My Teenagers Are Pretty Awesome!!
I finished the book I was reading by Anne Lamott called, “Plan B – Further Thoughts on Faith” a couple of days ago. It was like saying good-bye to a new friend! Although, I have plenty of her other books to look forward to, I thoroughly enjoyed this one!
In this book on page 198 she says this about teenagers:
“They want people who will sit with them and talk about the big questions, even if they don’t have the answers; adults who won’t correct their feelings or pretend not to be afraid. They are looking for adventure, experience, pilgrimages, and thrills. And then they want a home they can return to, where things are stable and welcoming. I mean, how crazy can you get?”
Then she says in particular about her son: (I forgot to write down the page number)
“I am not here to be his friend. I’m here to be me, which is taking a great deal longer than I had hoped, and I am here to raise him to be a person of integrity and joy. Besides, the kid you know at home is only a facet of the child who lives in the world.”
THIS IS SO SO TRUE!!! So much of Anne’s book struck home with me. So I thought I would share these quotes. This has been my experience with my teenagers to some extent. I have had long talks with both of my children about the BIG questions in life which has given me insight into their minds. I am so thankful they feel comfortable enough to talk with me. I am not so naiieve to think they tell me everything though. I know they don’t, because just the other day they told me about some things they did many years ago that were harmless, but I was a little surprised. It was funny.

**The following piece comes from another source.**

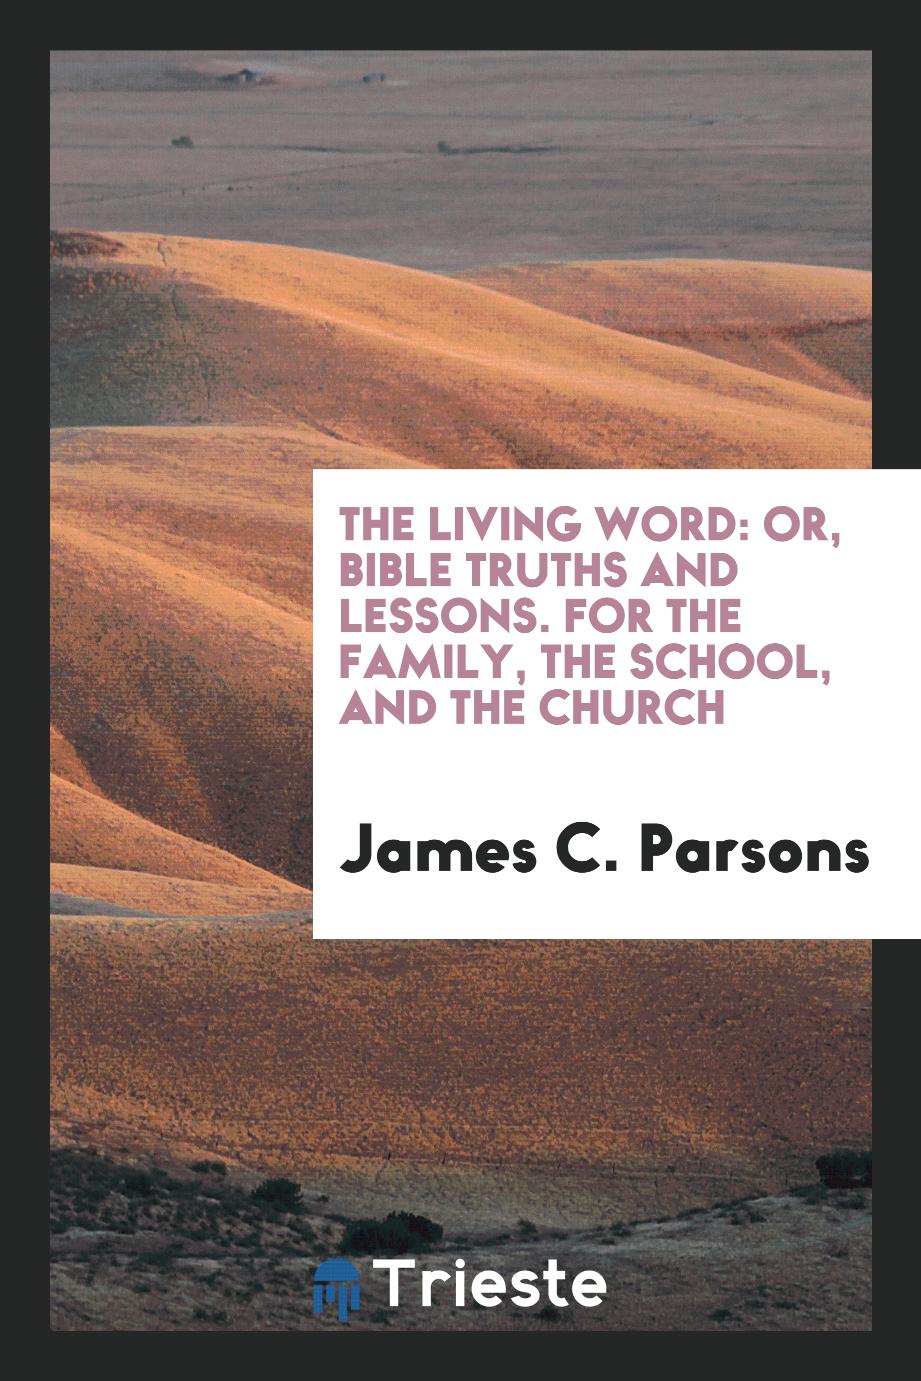 The Living Word: Or, Bible Truths and Lessons. For the Family, the School, and the Church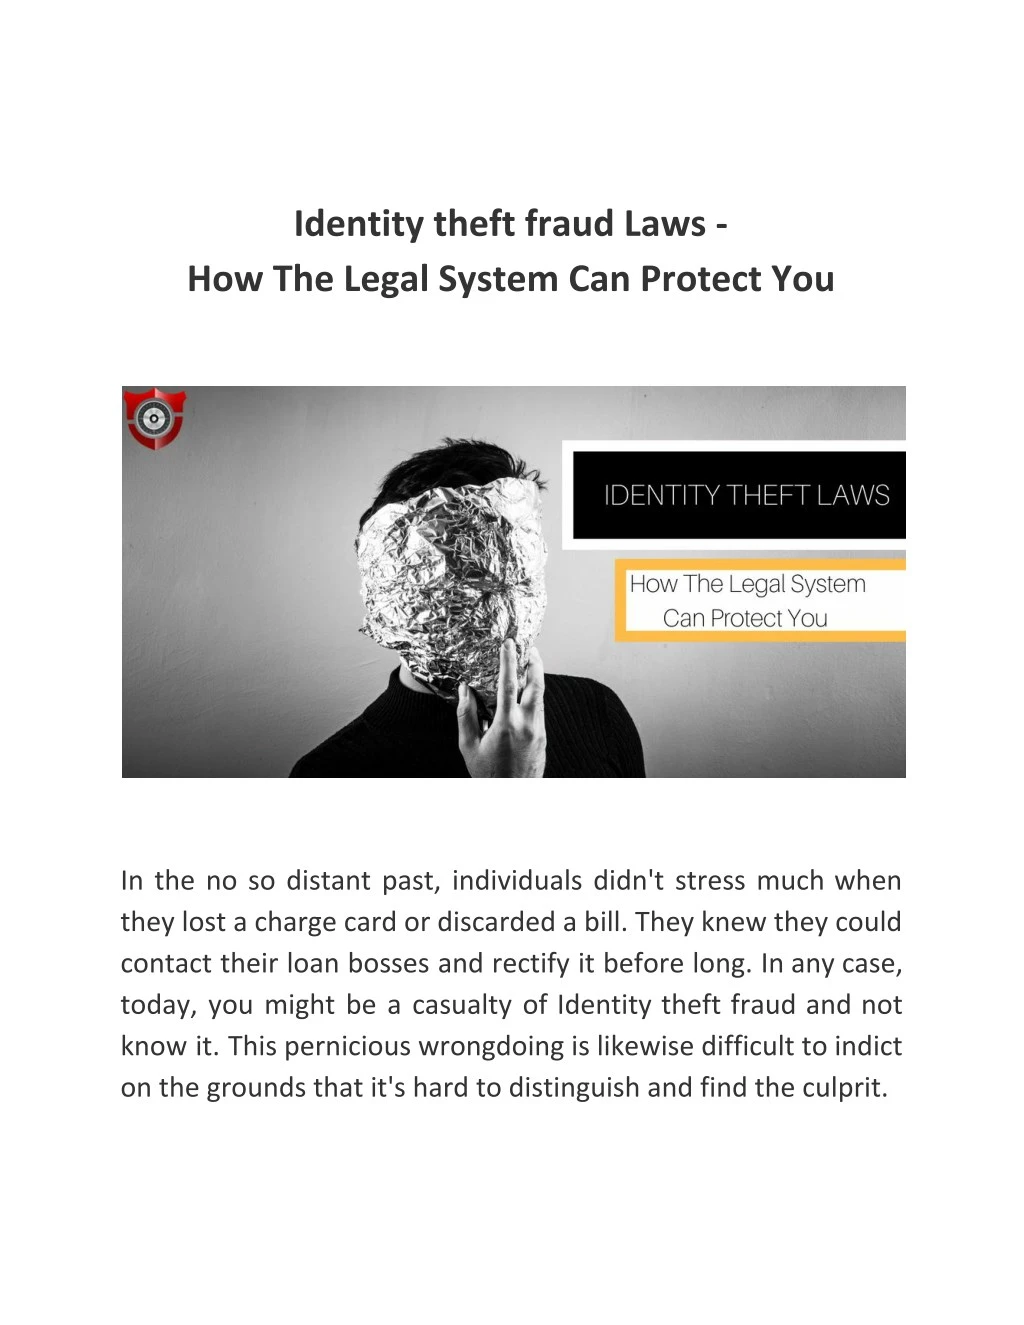 identity theft fraud laws how the legal system

Even though I am still very much their parent since they are only 15 and 17, I can feel my son getting antsy to leave the nest. That’s okay. I am actually feeling okay about it and more ready than I thought I would be when this time came. He still has a lot to do to prepare for it, though, so I’m not sure it will come about as quickly as he is hoping for. We’ll see. Besides, once he IS gone, we will have a spare room to make ourselves an art studio/library!! 😉 That will free up a lot of the crowded room in our bedroom and living room where all that stuff is!
I think both of our children have learned to make good judgments about the friends they choose and other things that will affect them when they are finally out on their own. I believe they are always in God’s hands, I have done the best I can do with them, and He will guide them whether they are consciously following His lead or not. I know He did that in my life. I believe He has plans for both of them, but they will not come about without many trials and sorrows. Those times will be trying, but hopefully, they will learn and grow through them.
I love both of my kids with all of my heart, and they know this. My husband and I used to worry about how they will get through college. However, these days, I am not convinced any more that a child has to get a college education to be successful. I think it all depends on what they want to do in life. I believe they need to pursue their greatest interests and the areas they show the most potential or talent.
In my son’s case, this is writing. He has a wonderful imagination and is gifted in getting it across on the page! His English/Latin teacher loves him. In my daughter’s case, she is musically talented. She could learn any instrument she wanted to. Currently she plays the ukelele. She can do whatever I show her on the piano and remember it. She just doesn’t read music yet, but music seems to be her greatest interest. I hope she pursues it.
It seems that the world of academics doesn’t encourage students to pursue the areas of the arts as much as it used to. The music and acting classes, for instance, are usually the ones that get cut from a tight budget first. I find this sad since so many kids have these gifts to share. I never want to see my kids feel stuck in a job they hate just to “make a living.” However, I know this may happen. It happened to me!
My dad did not encourage my interest in writing when I was in high school. He told me to pursue another area where I could get skills to make a living. I pursued secretarial skills which I am now thankful for, but I spent eight years at a job in my 20’s that I ended up leaving, because I had topped out at my pay scale for my skills. So I left, went back to college, and found that I loved art, music, and teaching young children. Fortunately, I met my husband there and we were married and began a family. It is within our home that God has shown me what areas to pursue. Getting paid for my efforts is another story these days, although He has blessed me with some income for my artwork which I am thankful for! In fact, today my friend, Jill, purchased my last four “Danny Boy” horse cards. Thank you, Jill! I have faith to believe that God doesn’t gift us in areas that He isn’t prepared to bless us in.
My teenagers have taught me a great deal in the last couple of years. I am thankful for them every day. If you have teenagers, look past the temporary times of frustration, and love them for who they are right now. Try not to focus on their futures. Besides, they are responsible for themselves once they are out on their own. We have to let them fail at times; otherwise they will never learn how to get up and keep going! Just love them, teach them, and help them discover who they were born to be.